CUPAC: Controlling pre-experiment bias

Mon Jun 23 2025

Ever run an A/B test that showed amazing results, only to realize later that your test group was already performing better before you even started? You're not alone - this happens more often than most experimenters care to admit. It's called pre-experiment bias, and it can completely derail your testing program if you're not careful.

The good news is that smart folks have been working on this problem for years. They've developed techniques like CUPED and CUPAC that can help you spot and correct for these biases before they tank your results. Let's dig into what these biases look like, why traditional fixes fall short, and how newer methods can save your experiments.

Recognizing pre-experiment bias in A/B testing

What is pre-experiment bias?

Pre-experiment bias is basically when your test and control groups aren't starting from the same place. Maybe your test group has more power users, or they're from a different geographic region with different spending habits.

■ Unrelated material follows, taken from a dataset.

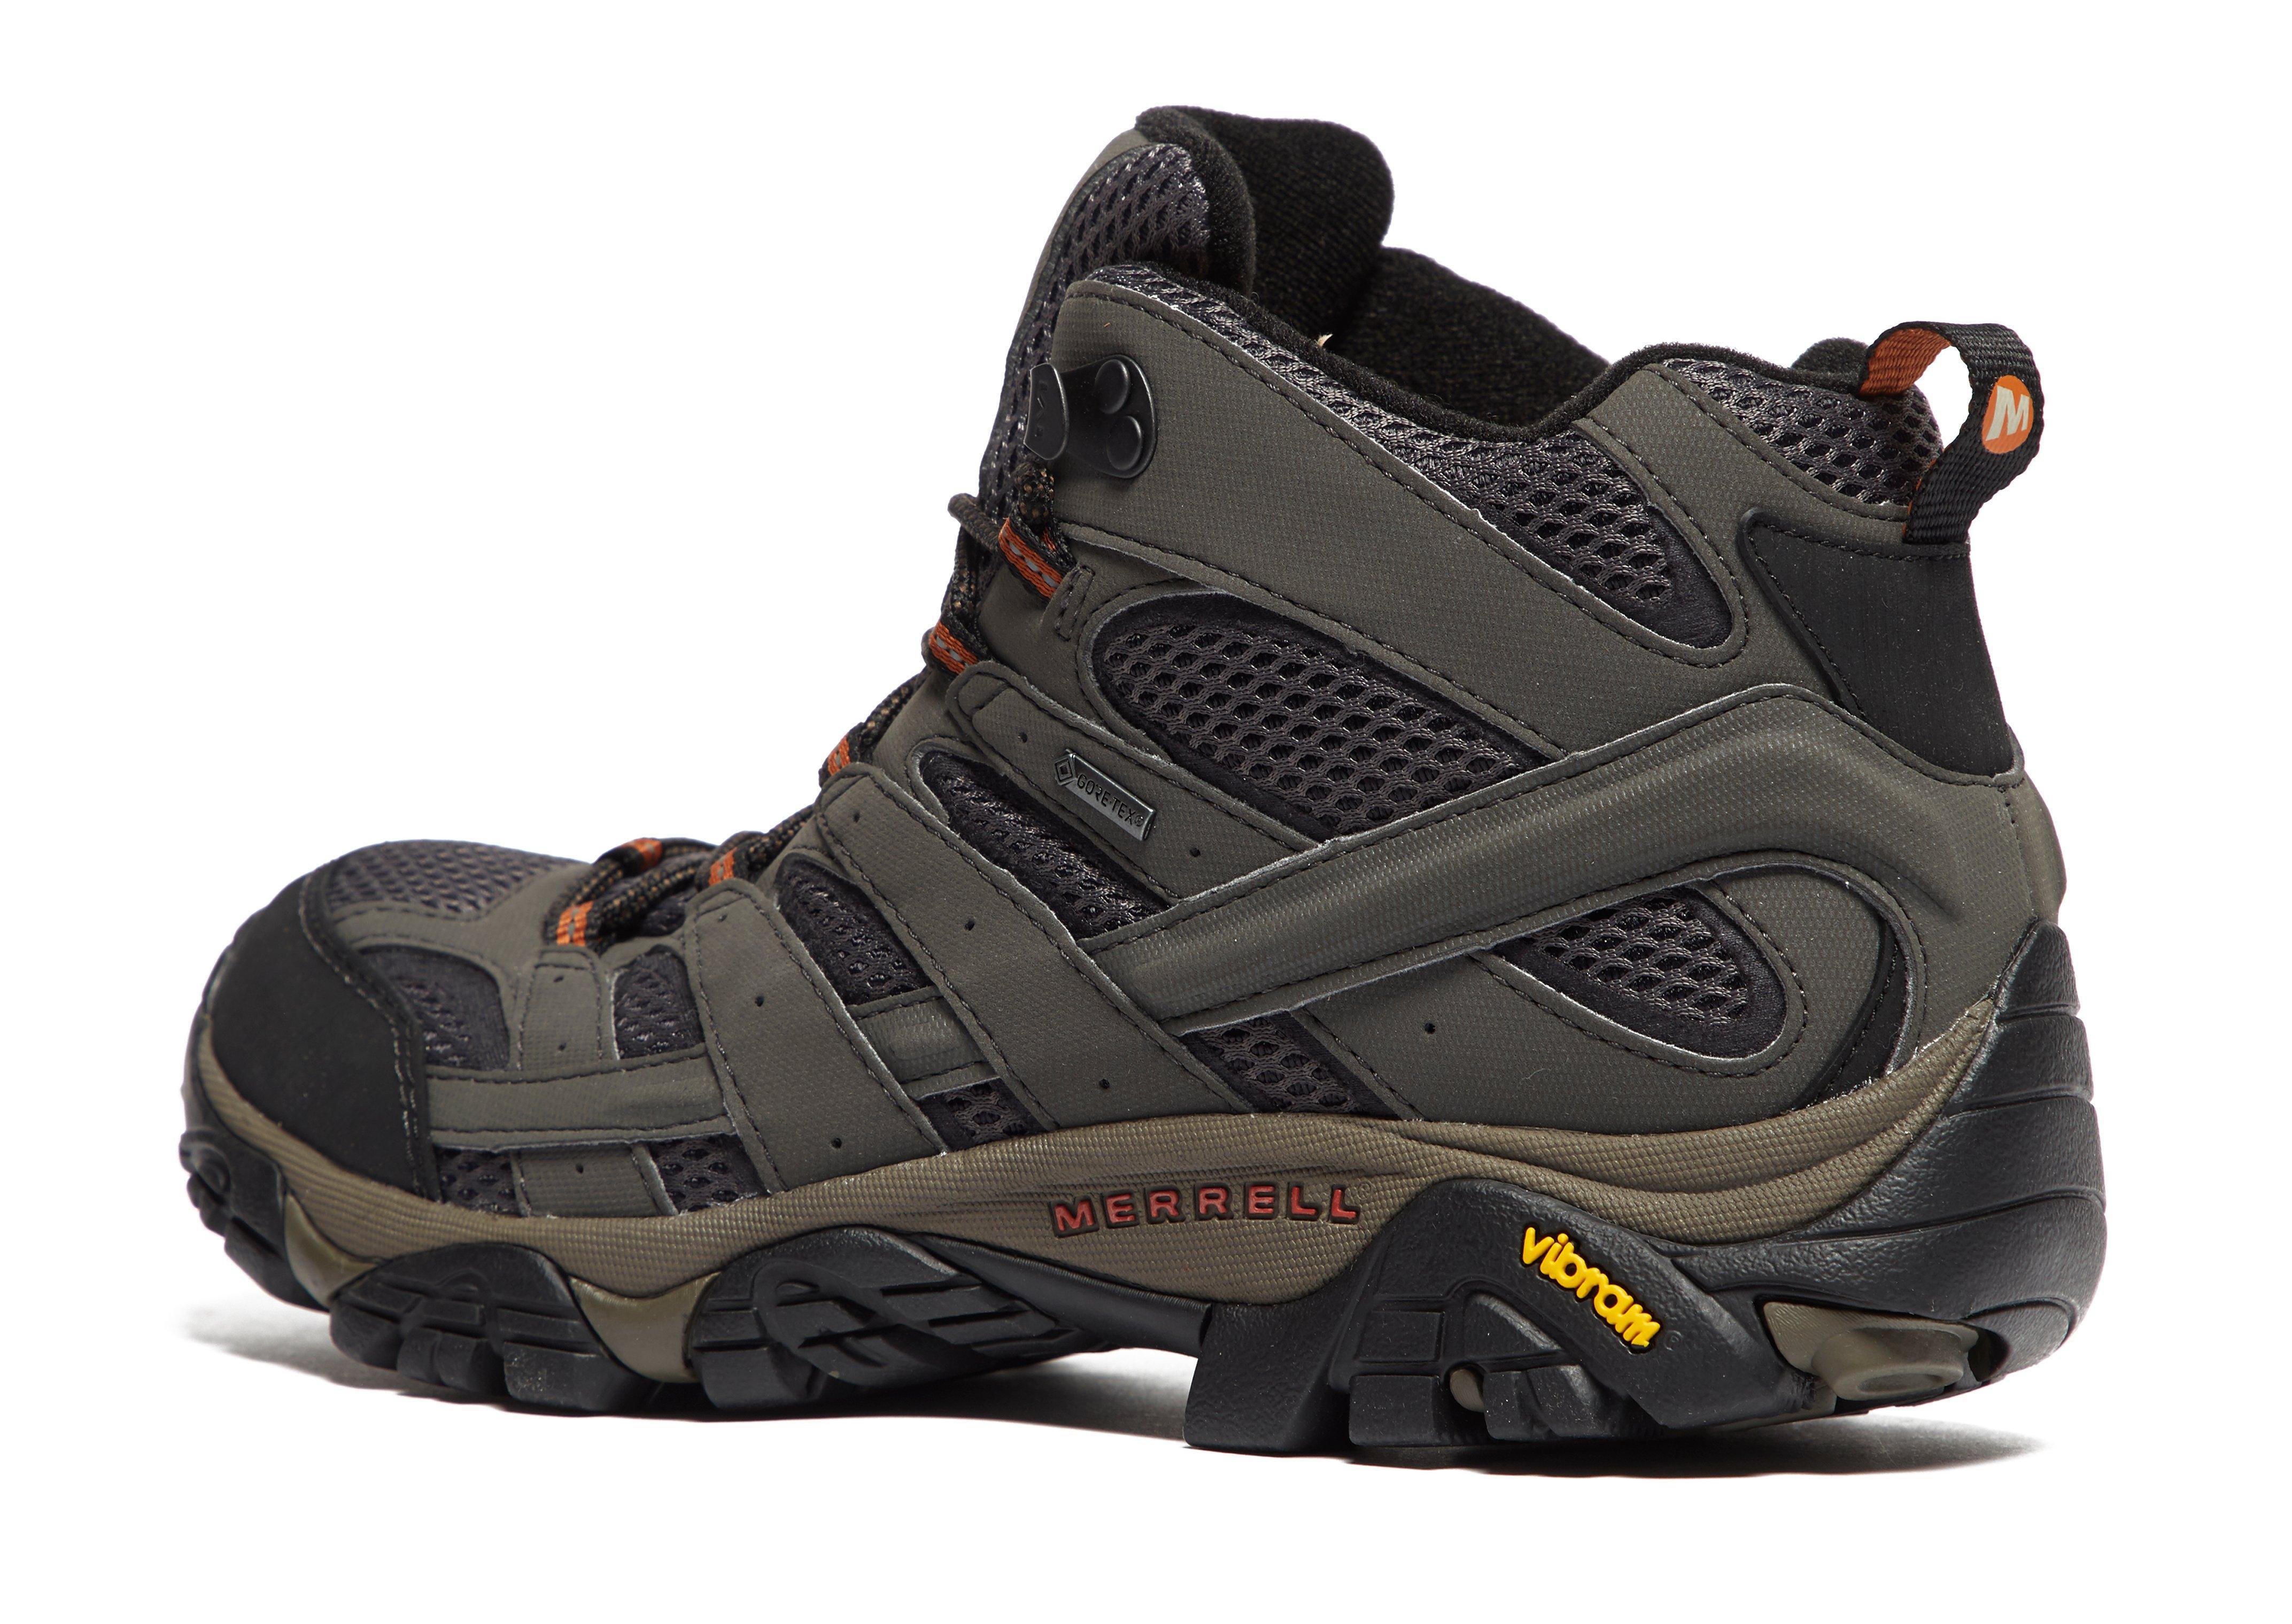 Merrell Rubber Moab 2 Mid Gore Tex Hiking Boots In Grey Gray For Men Lyst

The groups look randomly assigned, but they're actually different in ways that matter to your metrics.

Here's the kicker - these differences can make your results look way better (or worse) than they actually are. You might think your new feature drove a 10% revenue increase, but really your test group just had more high-spenders to begin with. This is the kind of thing that gets people fired when the feature rolls out and those gains mysteriously disappear.

Effects of pre-experiment bias

The most obvious problem is that you'll make bad decisions based on bad data. But it gets worse. Pre-experiment bias doesn't just make your results wrong - it makes them wrong in predictable ways that reinforce whatever you already wanted to believe.

If you're lucky, you'll catch the bias early. If you're not, you might:

  • Ship features that actually hurt your metrics

  • Kill features that would have helped

  • Waste months building on false positive results

  • Lose credibility with your team when results don't replicate

The statistical folks call these Type I and Type II errors, but I prefer to think of them as "shipping garbage" and "killing gold." Both hurt, but in different ways.

What makes this particularly frustrating is that pre-experiment bias can hide in plain sight. Your randomization might be working perfectly, but if certain types of users are more likely to be online when you start your test, or if your test happens to catch a seasonal pattern, you're still biased. Teams at companies like Uber and Airbnb have found that techniques like CUPED and CUPAC can help adjust for these biases, but they're not magic bullets.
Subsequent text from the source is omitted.